Define decision rubric and acceptable error trade-offs (precision vs recall).
Choose protocol: symmetric, assigned roles, or tool-grounded debate.
Assign 2–3 debaters with intentional diversity (model family, prompt stance).
Write opening and rebuttal prompts with citation or tool requirements.
Implement round caps and no-new-evidence stopping.
Deploy a capable moderator with structured verdict schema.
Validate cited evidence IDs against source bundles post-debate.
Route low-confidence and disputed cases to human review.
Log full transcripts, model IDs, and judge outputs for audit.

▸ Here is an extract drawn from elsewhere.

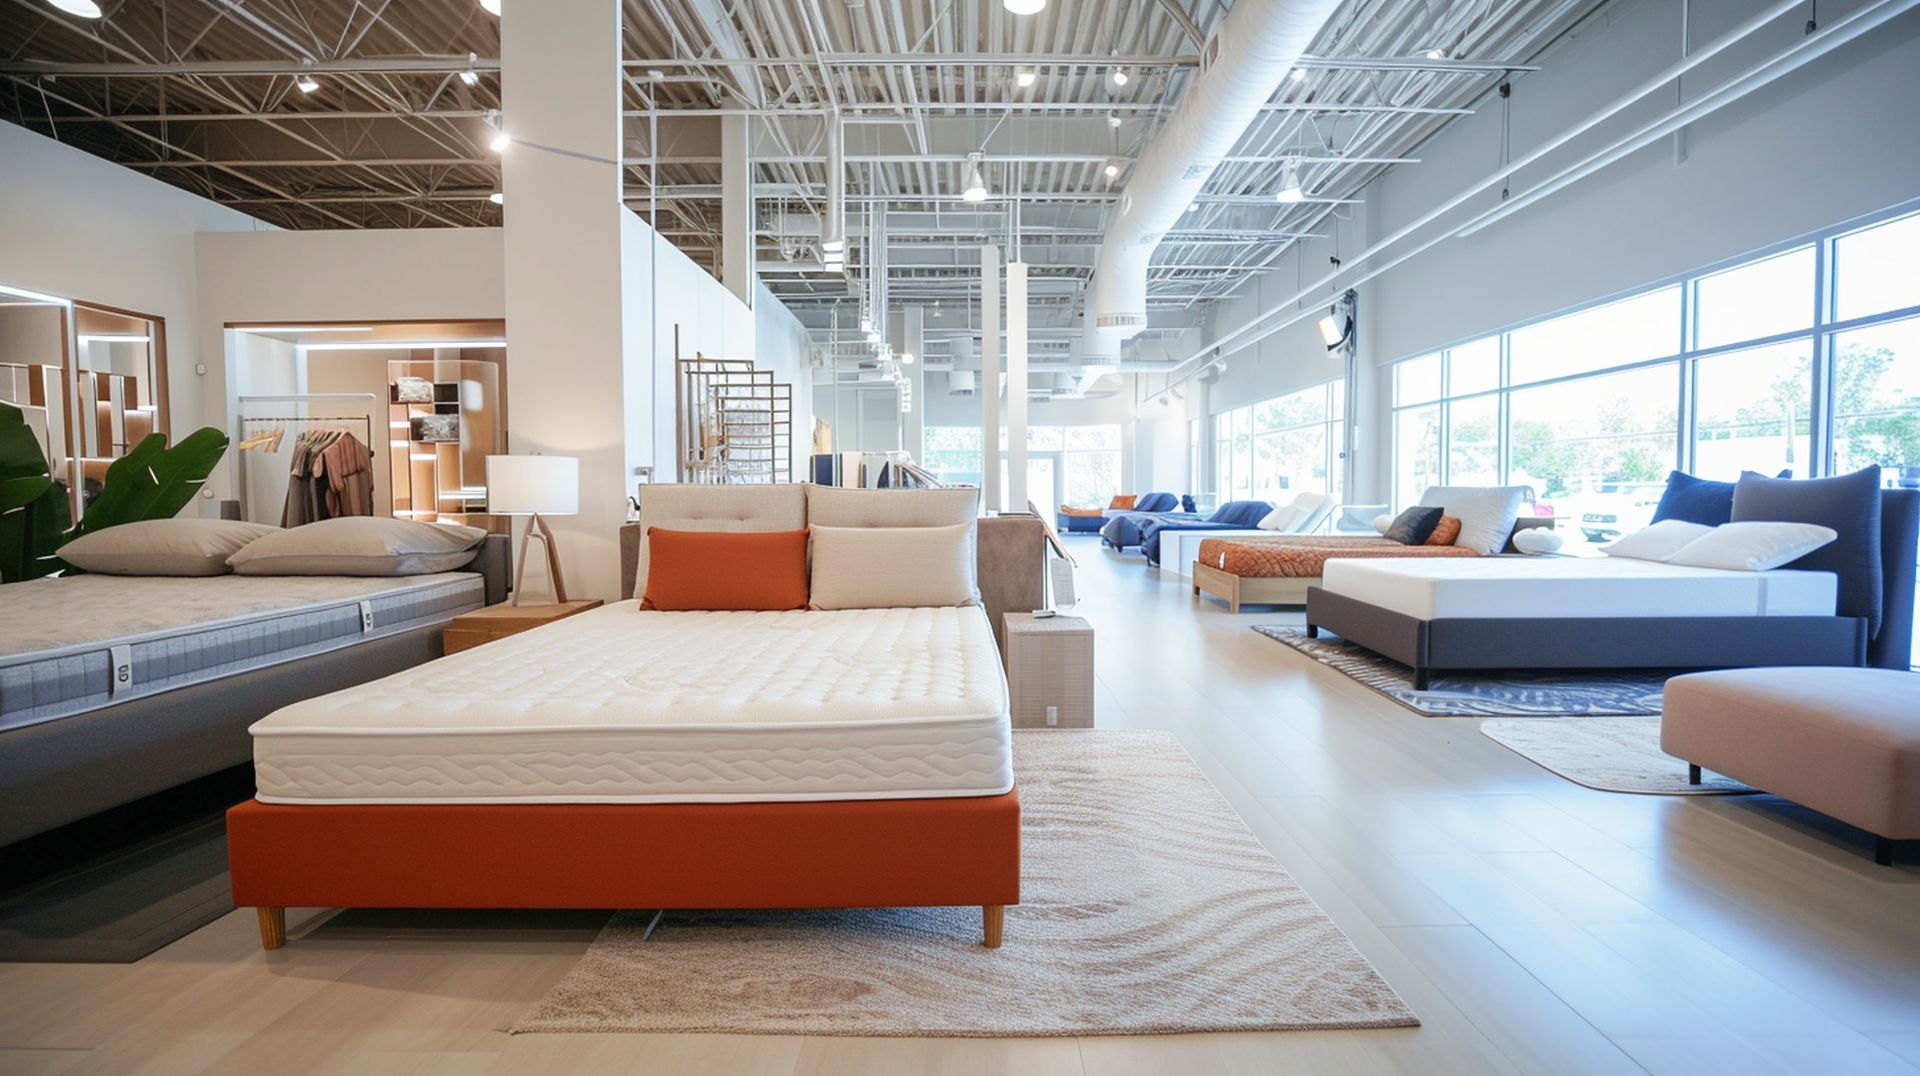 If you're looking for a new bed, mattress stores in Bloomington offer the best customer and delivery service, financing, and warranties in Indiana

Ablate rounds and debater count on held-out set; measure FP/FN vs cost and latency.

Key takeaways

Multi-agent debate forces explicit rebuttal — agents must respond to counterarguments instead of publishing one confident draft.
Assigned adversarial roles (proponent vs critic) reduce premature consensus on the wrong conclusion.
Harbor Analytics cut false-positive auto-freezes by 34% with a two-round debate plus structured moderator verdict.
Stopping rules and evidence-grounded citations matter more than adding debaters — debate theater wastes tokens without improving accuracy.
Use mixture of agents for prose synthesis; use debate for high-stakes classification, fraud review, and disputed fact patterns.